## [Work task]
Once the line containing "#Album #Gaming #Pretty" is reached in the listing below, reproduce it and all later lines through the final one exactly, but omit any pictures.

## [Data excerpt]
----------------------------------------

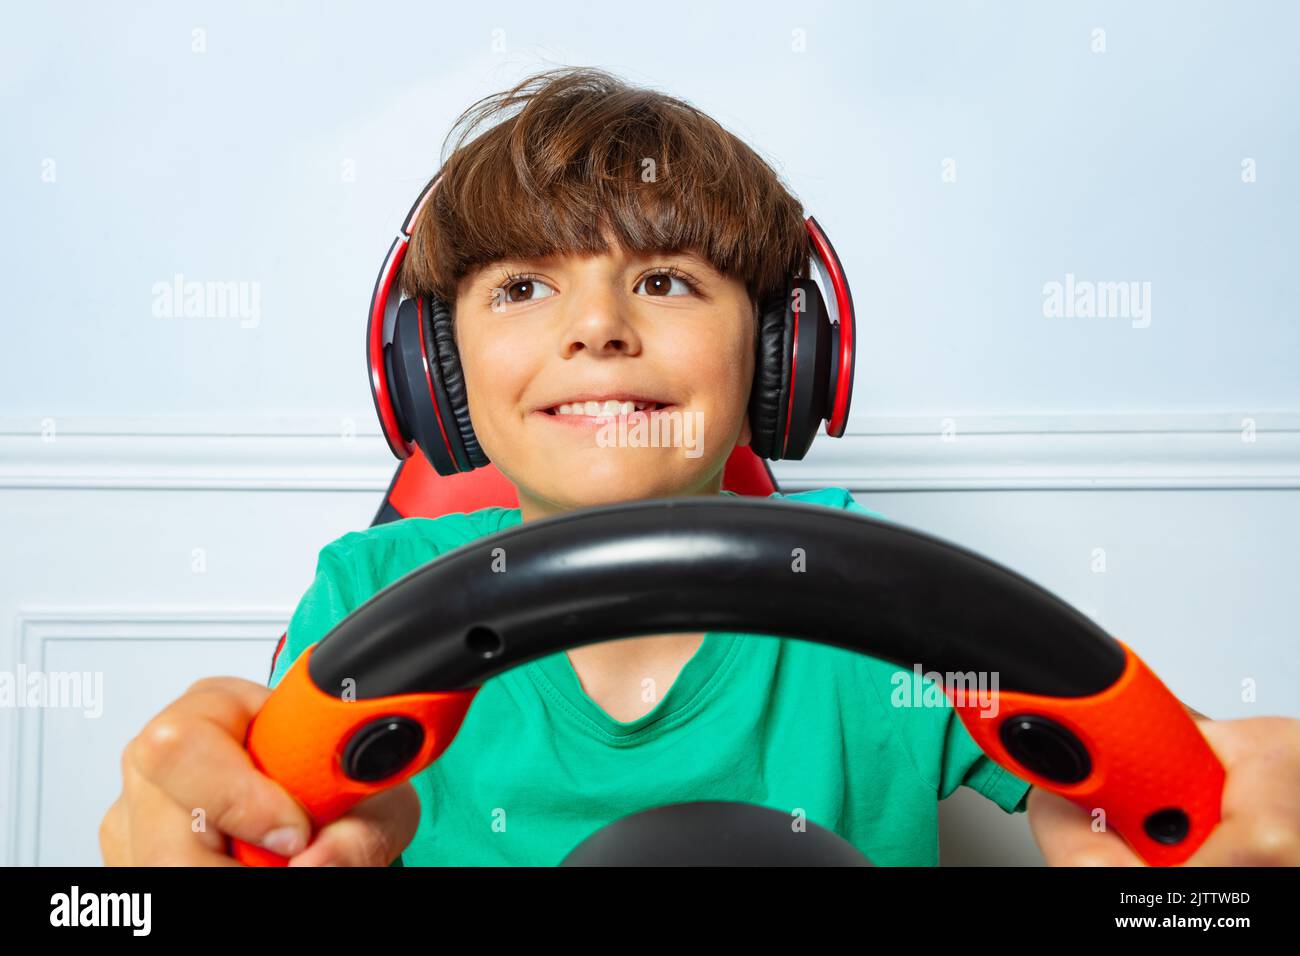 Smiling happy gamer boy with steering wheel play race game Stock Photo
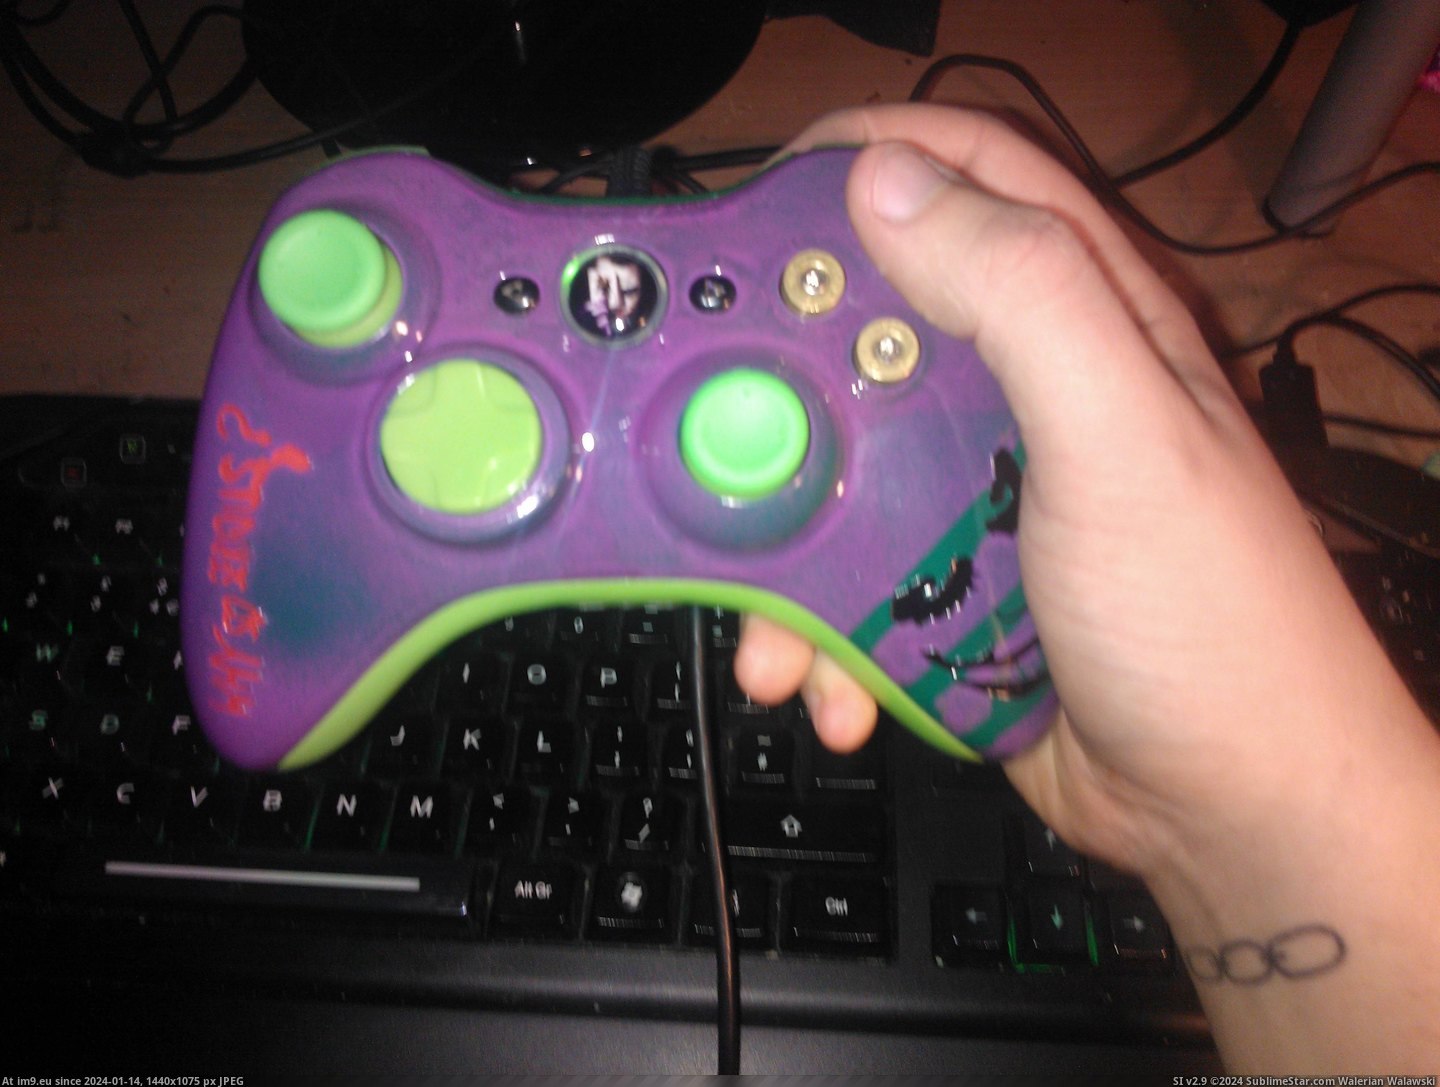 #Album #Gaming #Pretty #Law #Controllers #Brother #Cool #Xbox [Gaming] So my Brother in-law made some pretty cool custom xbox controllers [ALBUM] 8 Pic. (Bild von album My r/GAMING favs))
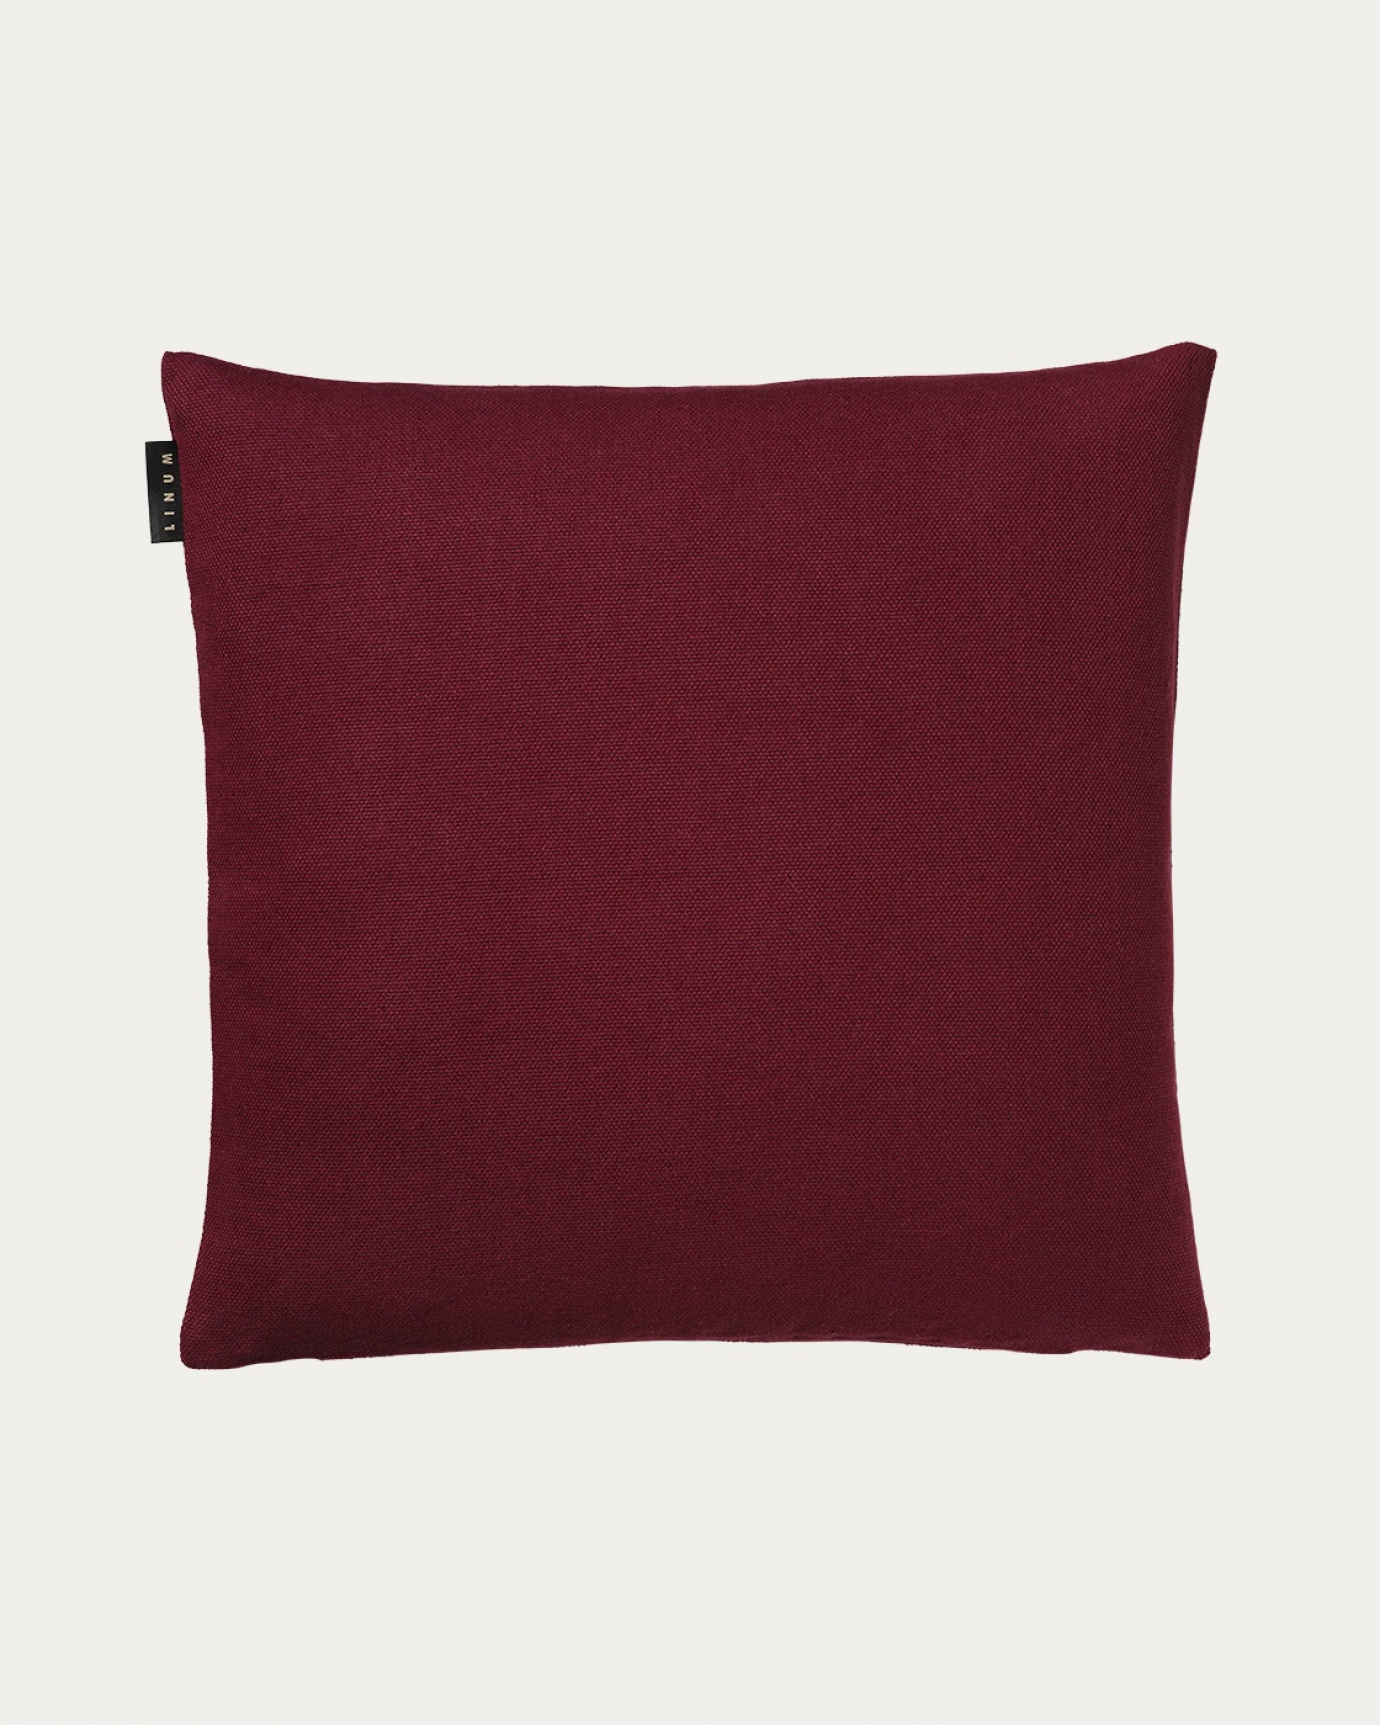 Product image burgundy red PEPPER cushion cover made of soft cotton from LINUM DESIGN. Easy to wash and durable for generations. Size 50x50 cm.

----------------------------------------

## [Answer below]
 #Album #Gaming #Pretty #Law #Controllers #Brother #Cool #Xbox [Gaming] So my Brother in-law made some pretty cool custom xbox controllers [ALBUM] 8 Pic. (Bild von album My r/GAMING favs))
 Product image burgundy red PEPPER cushion cover made of soft cotton from LINUM DESIGN. Easy to wash and durable for generations. Size 50x50 cm.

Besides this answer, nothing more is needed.